Upon meeting Dr. HarryCastillo, Camp took it upon himself to make quick friends of the union establishment in Cuba.  He found so much success that he was able to form his own regular delegation to the country called Building Relations With Cuban Labor.  The basic premise of the group is to build mutual trust and understanding between members of the labor movement in the United States and their counterparts in Cuba with the ultimate goal of ending the economic and political blockade of Cuba by the United States and closing of secret U.S. prison facility in Guantanamo Bay.  Over the years Camp has brought dozens of union members from the U.S. to Havana to learn more about how the U.S. blockade has crippled the Cuban people’s economic freedom more than the Cuban government.  In addition, quite a few organizers from the island nation have visited Sacramento over the years to share their perspective with California’s elected officials.

In his approach to Honduras, Bill Camp is no different.  He sees the success of the people of Honduras as fastened to the success of the labor movement in Honduras and the power of unions worldwide.  That is why on our labor delegation to President Xiomara Castro’s inauguration, Camp ensured we met with as many labor leaders as we could during our 3-day trip as possible.

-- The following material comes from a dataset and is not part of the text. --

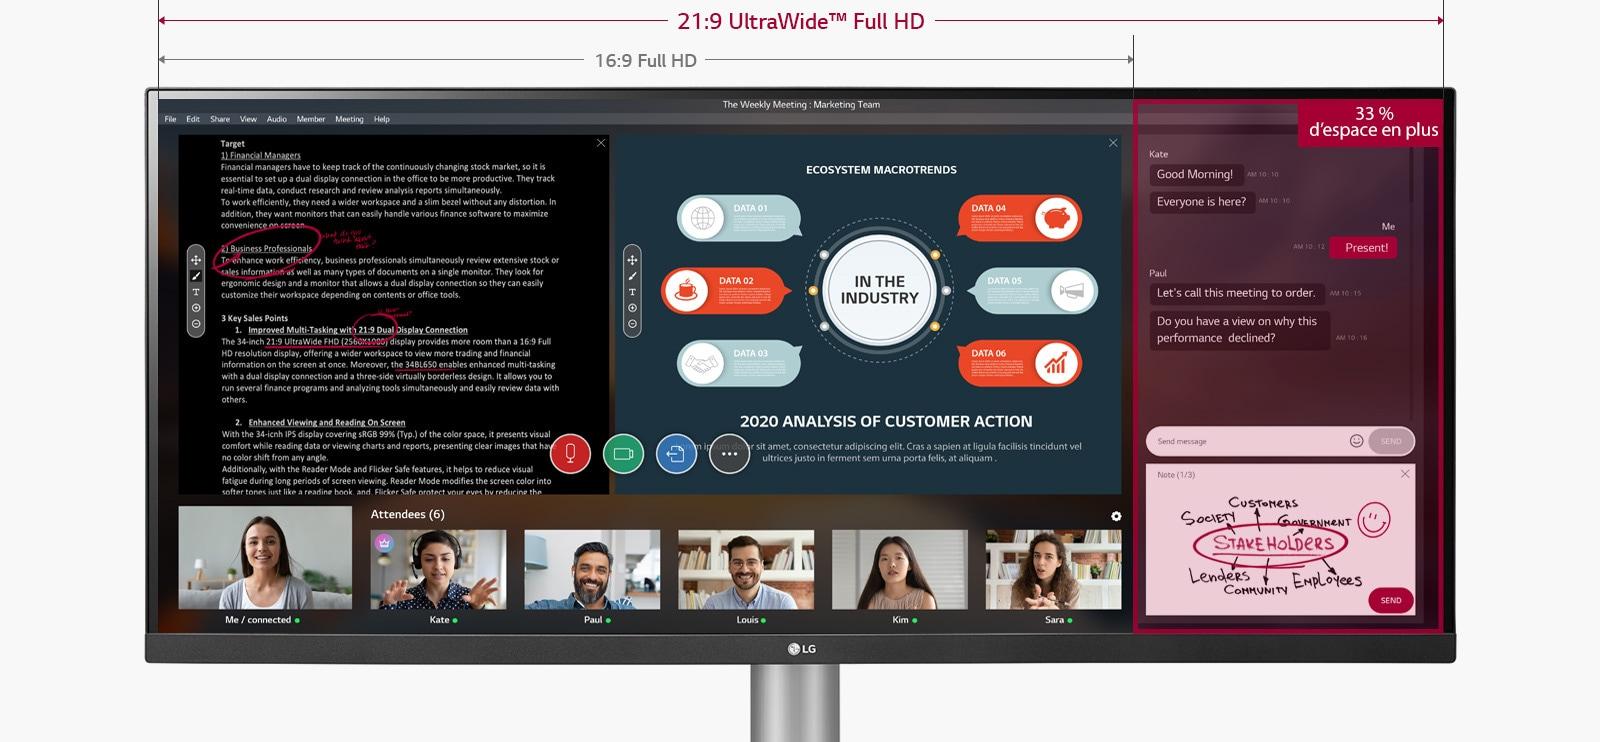 Image de l'écran avec 33% d'espace en plus de 21:9 UltraWide Full HD par rapport à un écran 16:9 Full HD avec un webinaire en cours à l'écran.

Our group arrived in San Pedro Sula on the afternoon of January 25th and immediately set out for a meeting at STIBYS with 33 union leaders from:

  • CUTH: Confederacion Unitaria de Trabajadores de HondurasThe United Workers Confederation of Honduras
  • SITRAINA: Sindicato de Trabajadores del Instituto Nacional Agrario (The Union of Workers at the National Agricultural Institute)
  • SITRAMEDHYS: Sindicato de Trabajadores de La Medicina Hospitales y Similares (The Union of Workers in Hospital Medicine
  • SITRARENAPE: Sindicato de Trabajadores del Registro Nacional de Las Personas The Census Bureau Union)
  • FESTAGRO: Federacion de Trabajadores de la Agroindustria (Federation of Workers in Industrial Agriculture
  • FESITRANH: Federacion Sindical de Trabajadores Nacionales de Honduras (National Workers Federation Union of Honduras
  • SITIAMASH: Sindicato de Trabajadores de La Industria Mieles Alcoholes y Similares de Honduras (The Alcohol Beverage Workers Union
  • STIBYS: Sindicato de Trabajadores de La Bebida y Similares (The Beverage Workers Union)

On the 26th we traveled to Tegucigalpa to meet with the National Union Federation of Honduras at the Solidarity Center.  In both meetings, our goal was to find out the three “requests” each union would make of their government and what message our group should take back to our unions in the United States.  The requests were different and pertained to each of the guilds' specialty areas, but they all shared a common vein – corruption and murky business practices prevent the people from owning their own labor and accessing wealth. 



We did not make any promises that we could meet the requests of each union and federation.  Instead, we promised to bring their messages home with us to share with labor leaders in the United States.  We also promised we would raise a team of union members to come hear these stories themselves.  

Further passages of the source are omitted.